Just for fun, here is a video of one of the team of cars that I just took on tuning. Wish me luck.

[ame="http://www.youtube.com/watch?v=_jfnr3eVt1c"]YouTube - VIDEO0013.3gp[/ame] ( The silver one :) )

This is a log from one of the slower cars in the team that we want to get well into the 8s in street trim.

http://www.ncs-stl.com/racecardata/RichVelocity_9_SecDragCar.jpg

Hope this helps

AW
 
Target AFRs wind up looking something like this. This one happens to be for a Harley. Once we get close to these guidelines, then we start playing with things in search of max acceleration.

TpsVsAfr.JPG
 
Great response Whittlebeast.

I look at AFR as a number, and only that, a number that will change over the entire map; it is what it is, a number.

The guy I work with for tuning doesn't use AFR, and doesn't even bother to record it. He aims for complete combustion, or the optimal amount of fuel for a given rpm and throttle position. I'd imagine that if he did record AFR it would be all over the map, no pun intended. :)

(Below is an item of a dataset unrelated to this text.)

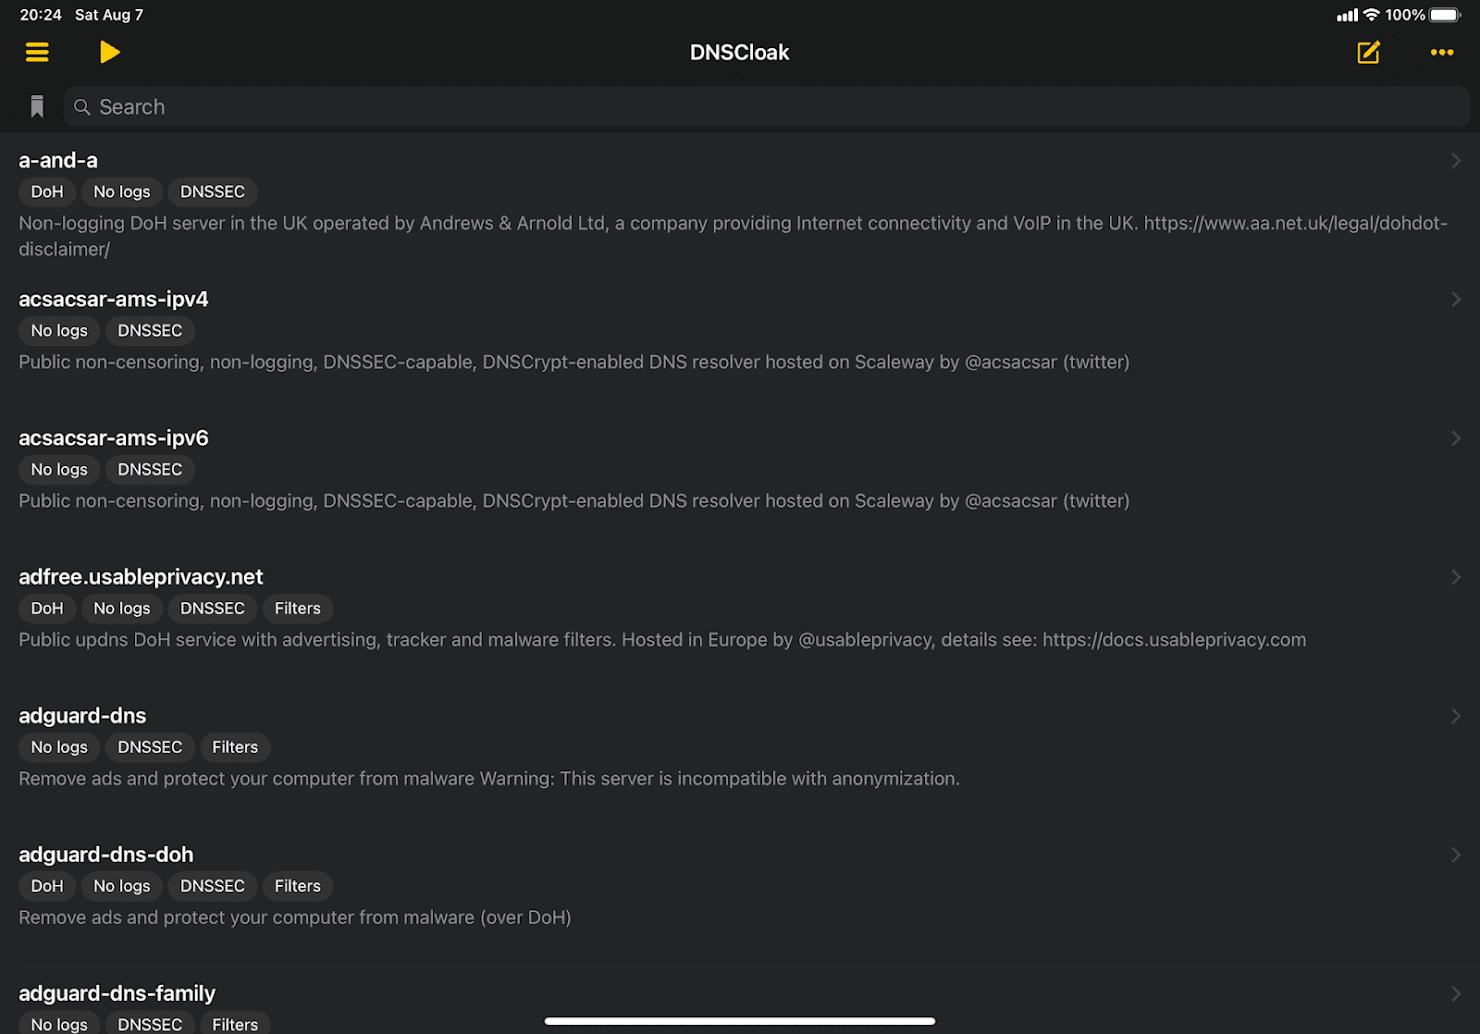 DNSCloakのメイン画面

Interestingly he has many owners who've given up on trying to make their bikes run right at shops that use a "target" AFR. He simply tunes to complete combustion and the bike runs great. Most often bikes are "drowning in fuel" and don't run correctly because the tuner has targeted the "magic" AFR. Once he tunes the bikes correctly the fuel mileage and the performance of the bike both improve. On 1098s he'll see a 4 to 5 mpg improvement, in addition to a 10 hp+ bump.

Manufactures run the bikes a little rich to meet a broad user range and geography, and use cats to clean the emissions up; hence three cats on our bike. Once the bike is tuned correctly the emissions from a bike are next to nothing, it's amazing. Once my FZ6 was tuned the CO emissions were .01%.

Another thing that he has found time and time again, it that "performance" products are often not. All of that bolt on stuff does not guarentee that the bike will run as well as a properly tuned bike with a quality exhaust. (Insert popular tuner products here, Screamin' Chicken is the king of crap.) He often removes the popular forum mods, puts on a quality exhaust, performs a proper tune up, then dyno tunes with a Power Commander, TEKA, etc. and ends up with a great running bike.

Remember the old racer's saying, "Lean is mean."